June 3rd 2018 – By: William Larsen – Civilians News – “News For All Views”
– The Mis-Understanding Of Globalization –
I don’t understand the term, “globalization,” and that’s because I’m unsure of the dynamics, in a global marketplace.
That is to say, in a globalized economy, should US companies compete against one another? Or alternatively, should US companies collectively compete against other countries?
Vladimir Putin recently spoke on globalization, at an international economic forum, mentioning that globalization was causing issues with trade.
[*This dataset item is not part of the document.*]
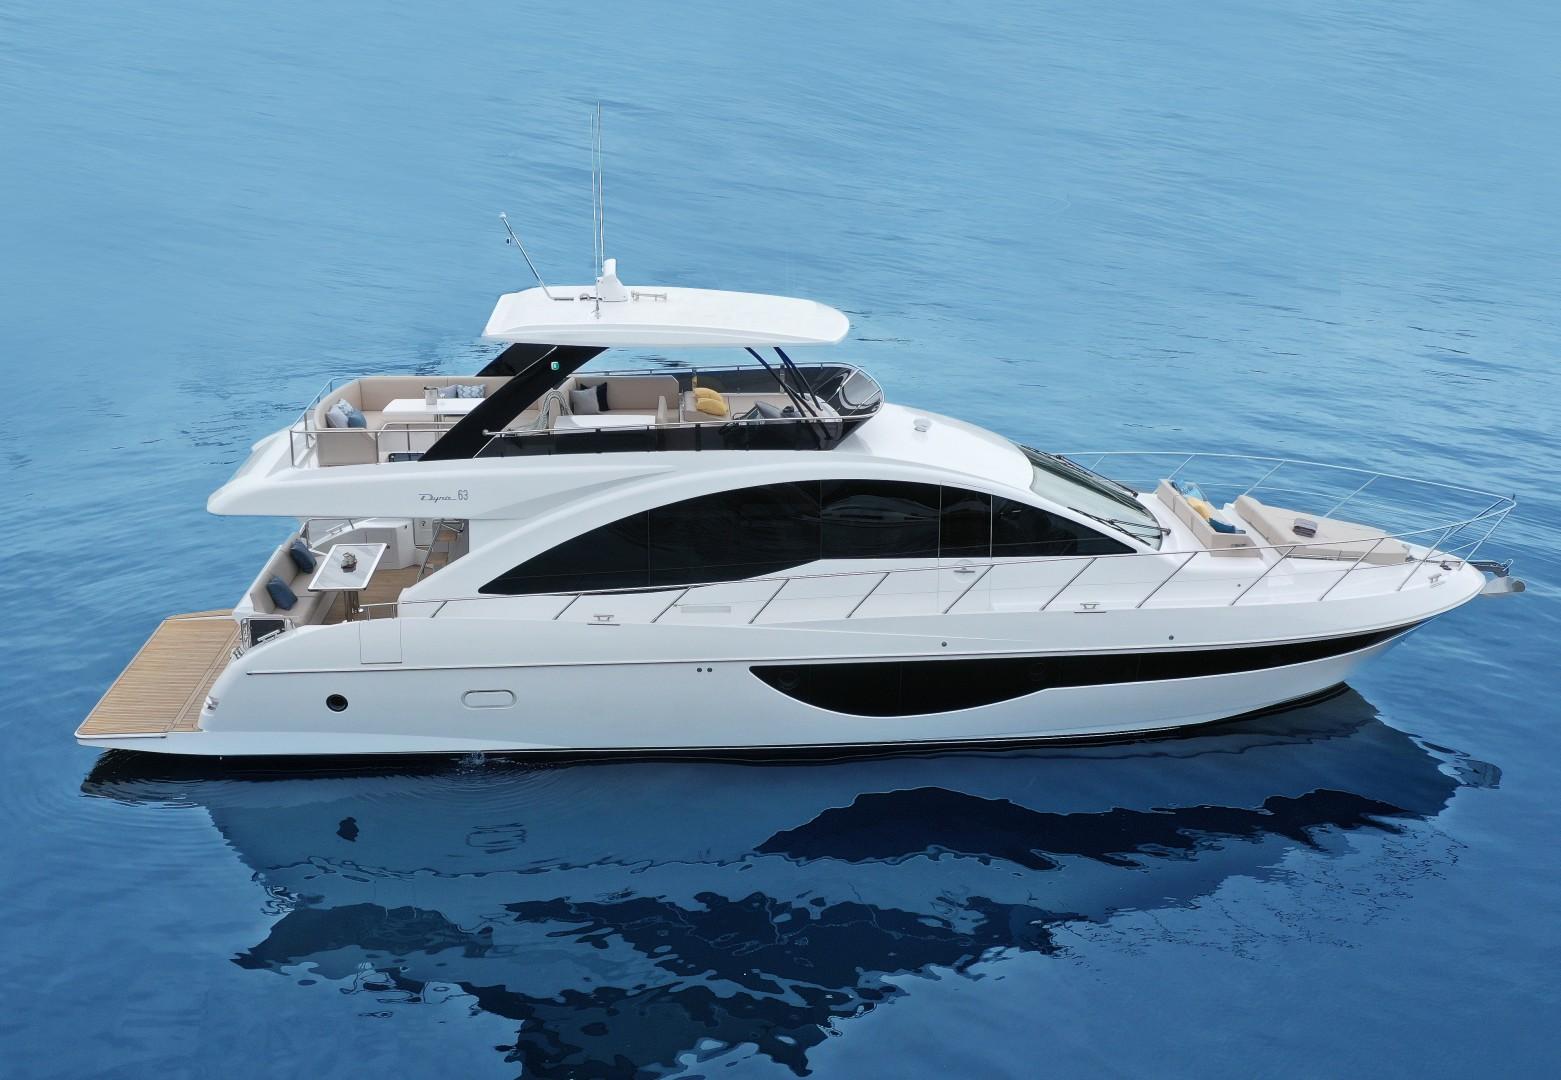 2022 Dyna Yachts 63' Flybridge

Later on, during that same forum, a French politician named Christine Lagarde, was quoted as saying, “sometimes a globalized economy could be ‘unfair.'” (Reference link.)
But what did she mean specifically? “Unfair?”
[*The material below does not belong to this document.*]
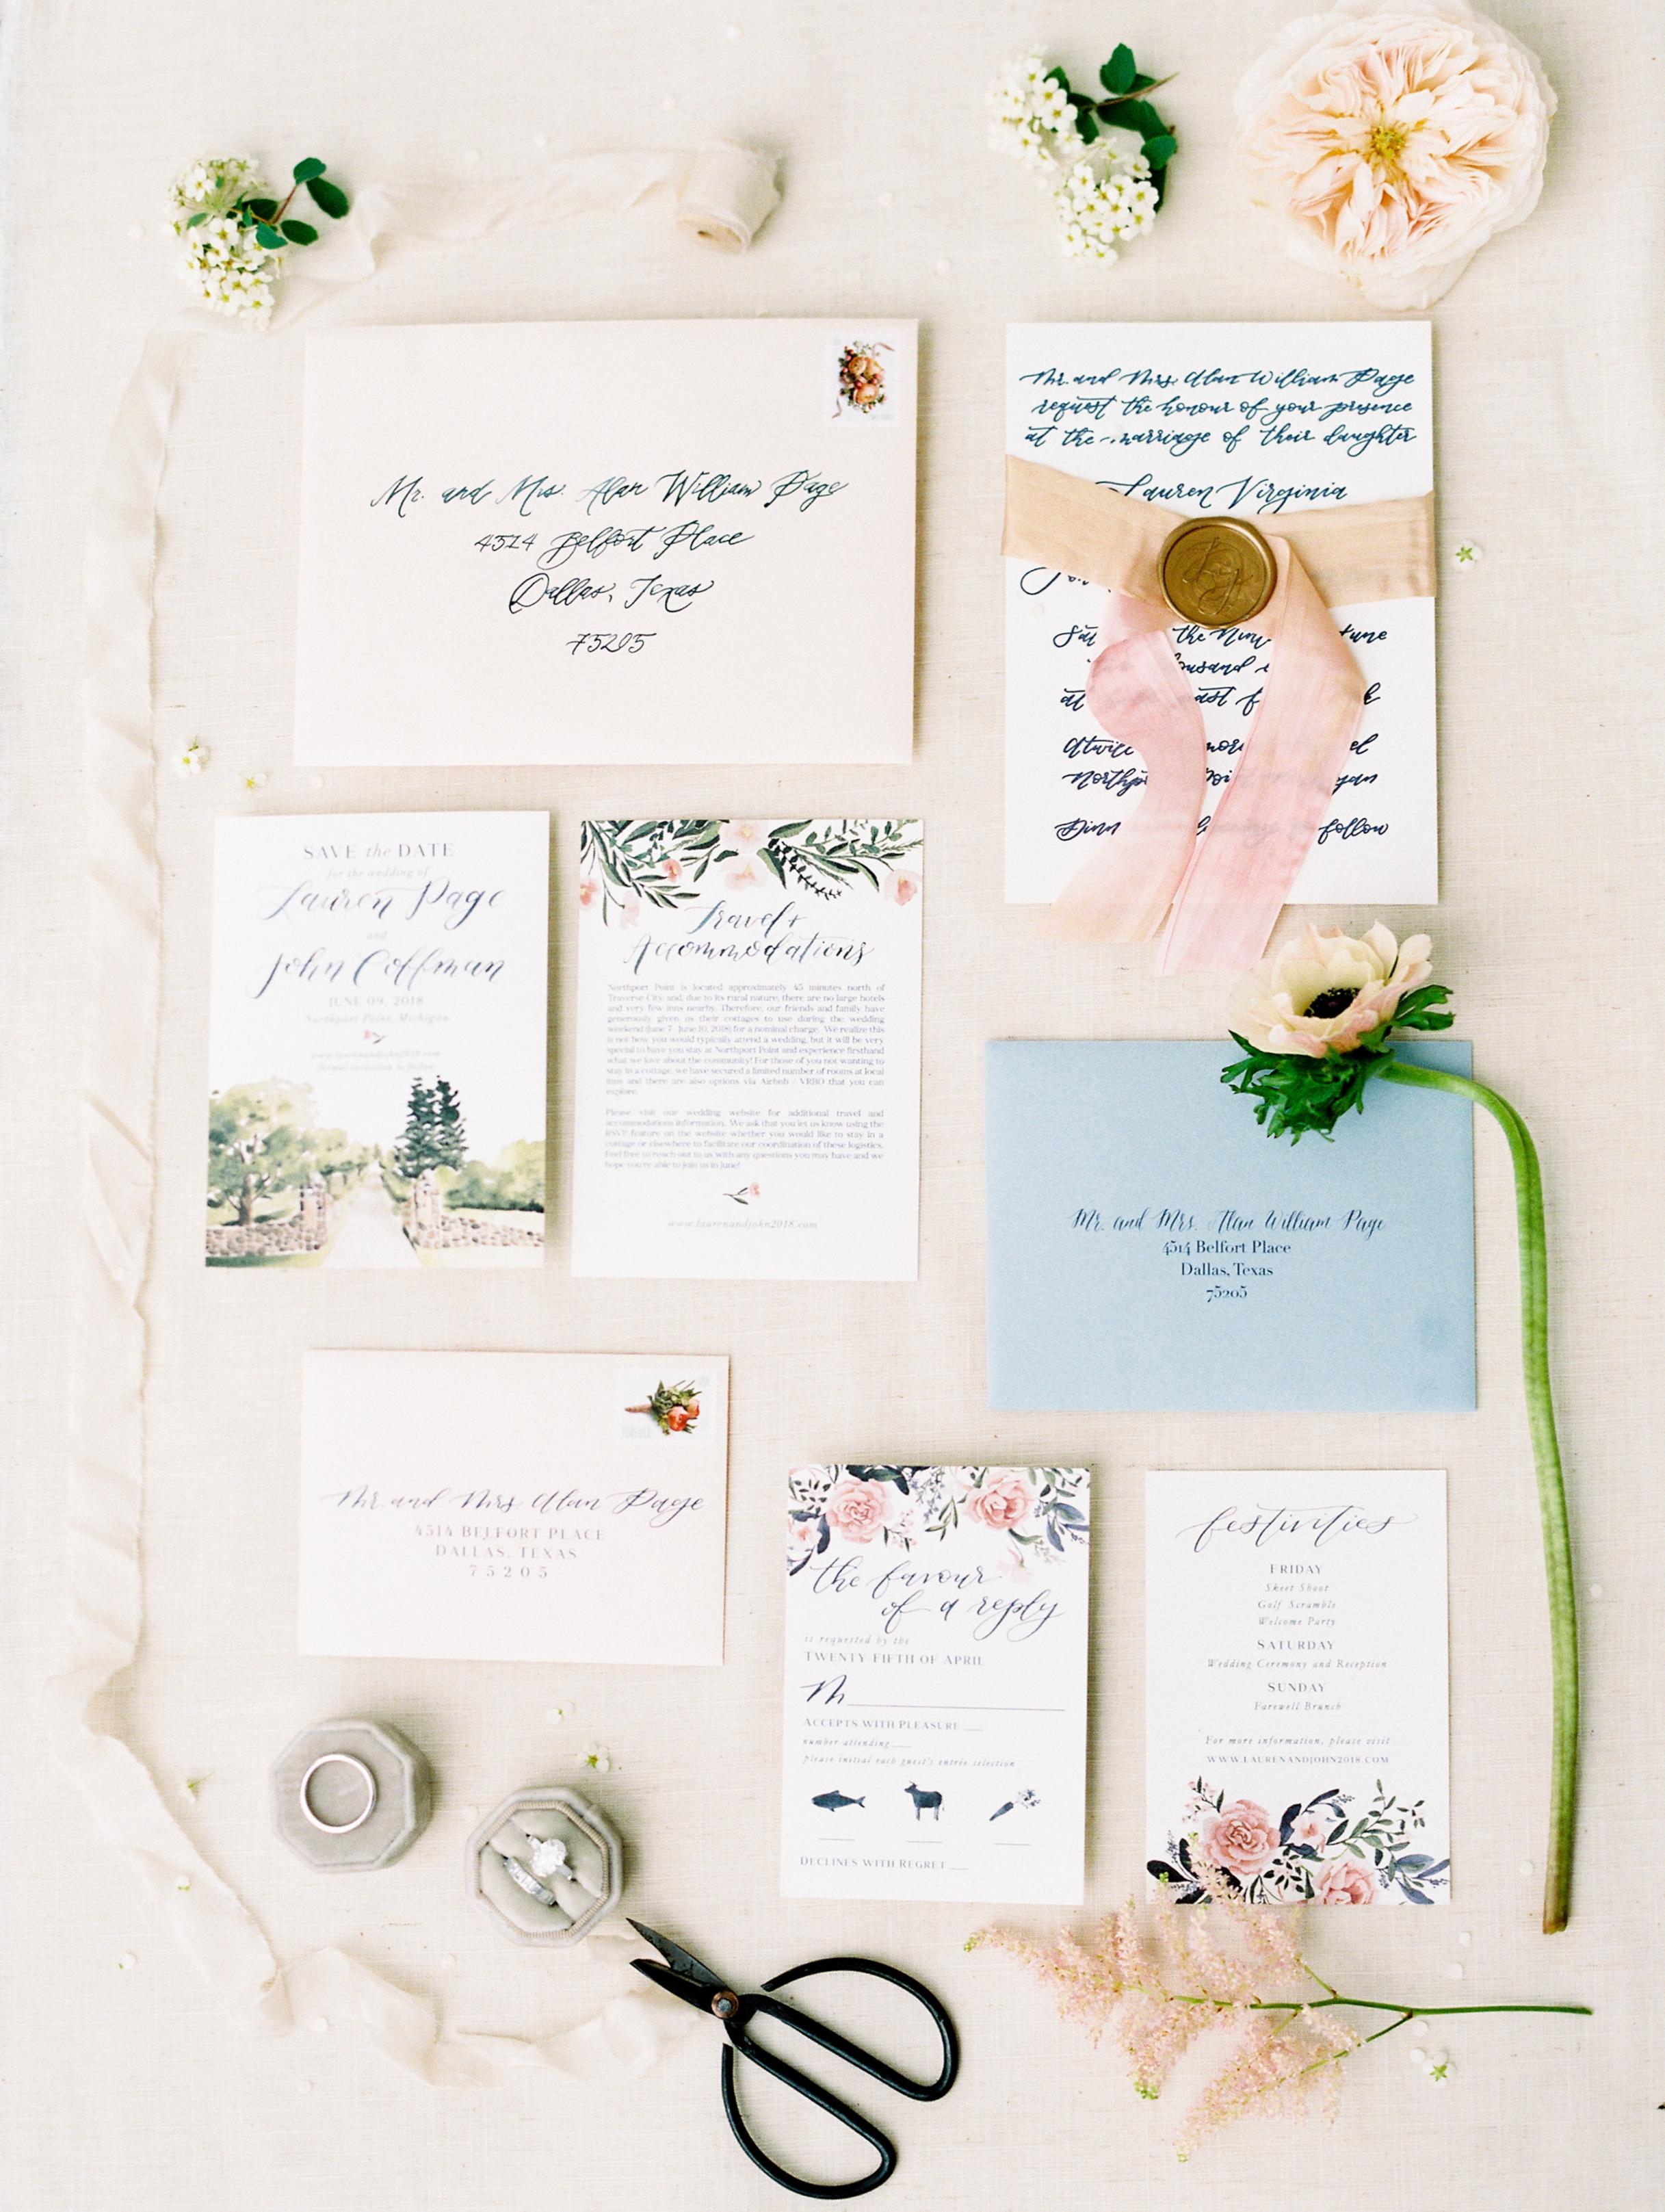 Coffman+Wedding+Details-41.jpg

Is success scarcer in China, or Russia? The US? Or the UK? And should success carry over at all, from nation to nation?
Is it harder to get rich in other countries and how do you know? And what are the ethics behind foreign investments?
Because to me, it seems somewhat imperialistic… to have a totally foreign entrepreneur, starting businesses abroad and employing native employees…
And vice versa.
Should I be working for foreign entrepreneurs, in my own country? What if they don’t speak English? Which I’ve personally experienced, living in NYC. Immigration and jobs is one of those issues, that I can personally attest from the street level, impacts different people differently. In Detroit, there is no Latin population, but in; California, NY, Florida and Texas, employment is impacted by immigration.
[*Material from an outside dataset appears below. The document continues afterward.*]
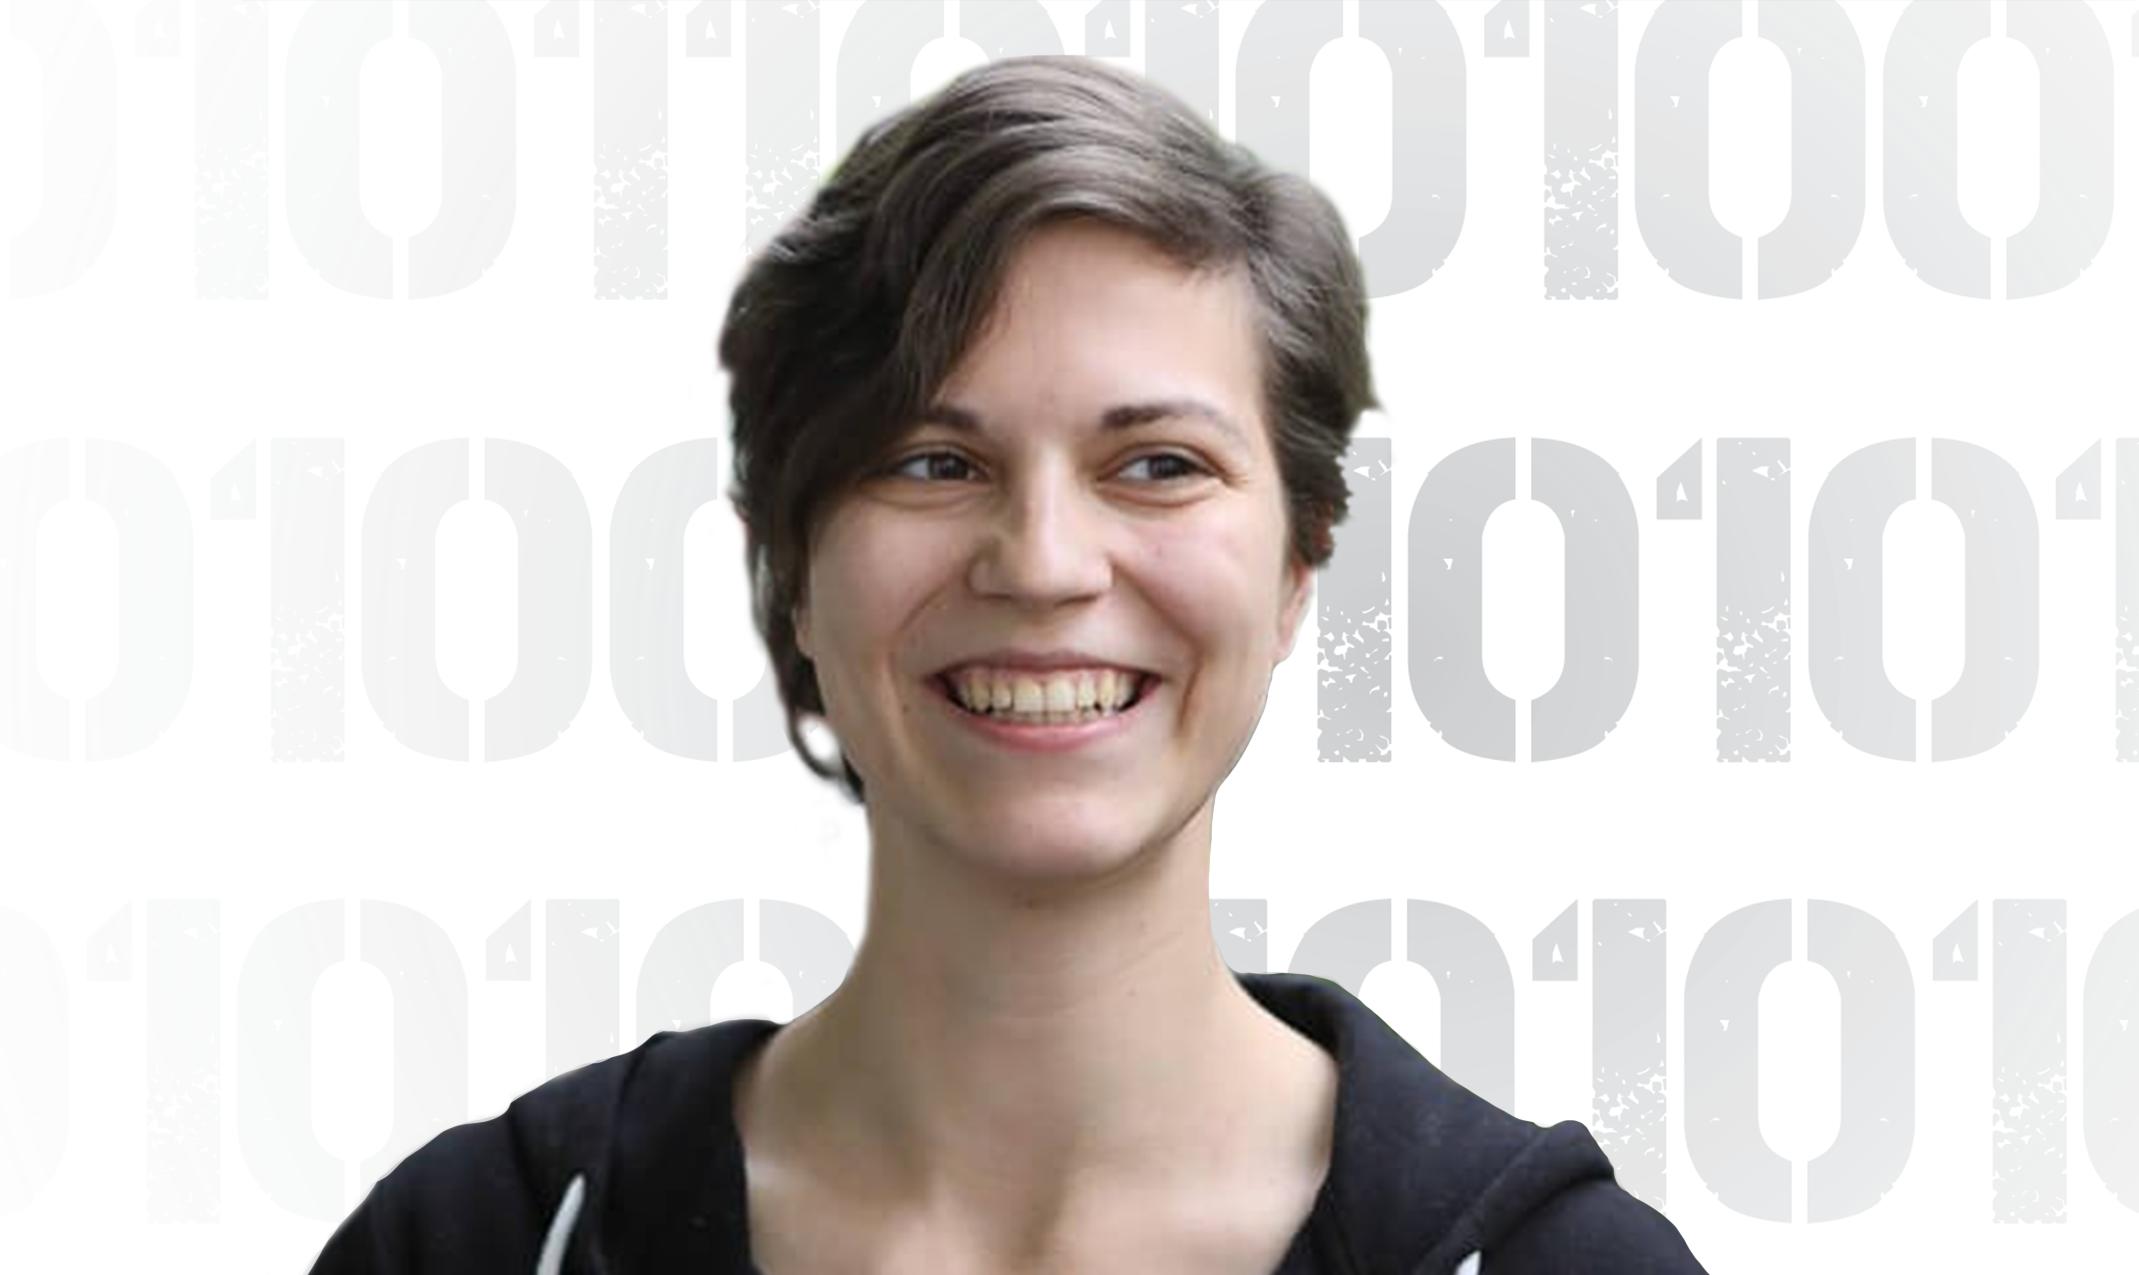 Lisa Duschek

I’ve encountered several people in NYC, who DON’T WANT to oppose immigration, but who also say, “it’s frustrating sometimes when the trains full.” People don’t want to build a wall, but when you lose a job because of minorities, “cliquing up,” in the job market, or any specific field…. it becomes more complex. Furthermore, some states are unaffected by it, so it’s a difficult subject matter to cross.
And what about 3rd world countries? What’s, “the ladder like there,” socio-economically?
What’s the economy like in developing nations? Is there a set, “3rd world model?” Or do American investors simply build a Mcdonalds, in un-developed nations, and then tell everyone to get a job?
And in conclusion… what about children? Because in my opinion, the universal solution to globalization, is globalized living wages. However, I also think that the ability for children to seek refuge, and then perhaps live on their own, at a young age, might also go a long way towards implementing a globalized economy. (A 32 year old law school dropout, shouldn’t be competing with young immigrants, for jobs…. *with exceptions of course.)
Nevertheless, I think that in the future, children of all ages, maybe 11 years old and up, should have the ability to live on their own. In conclusion, creating a living wage, independent of a person’s age, I think is the foremost solution towards a globalized economy.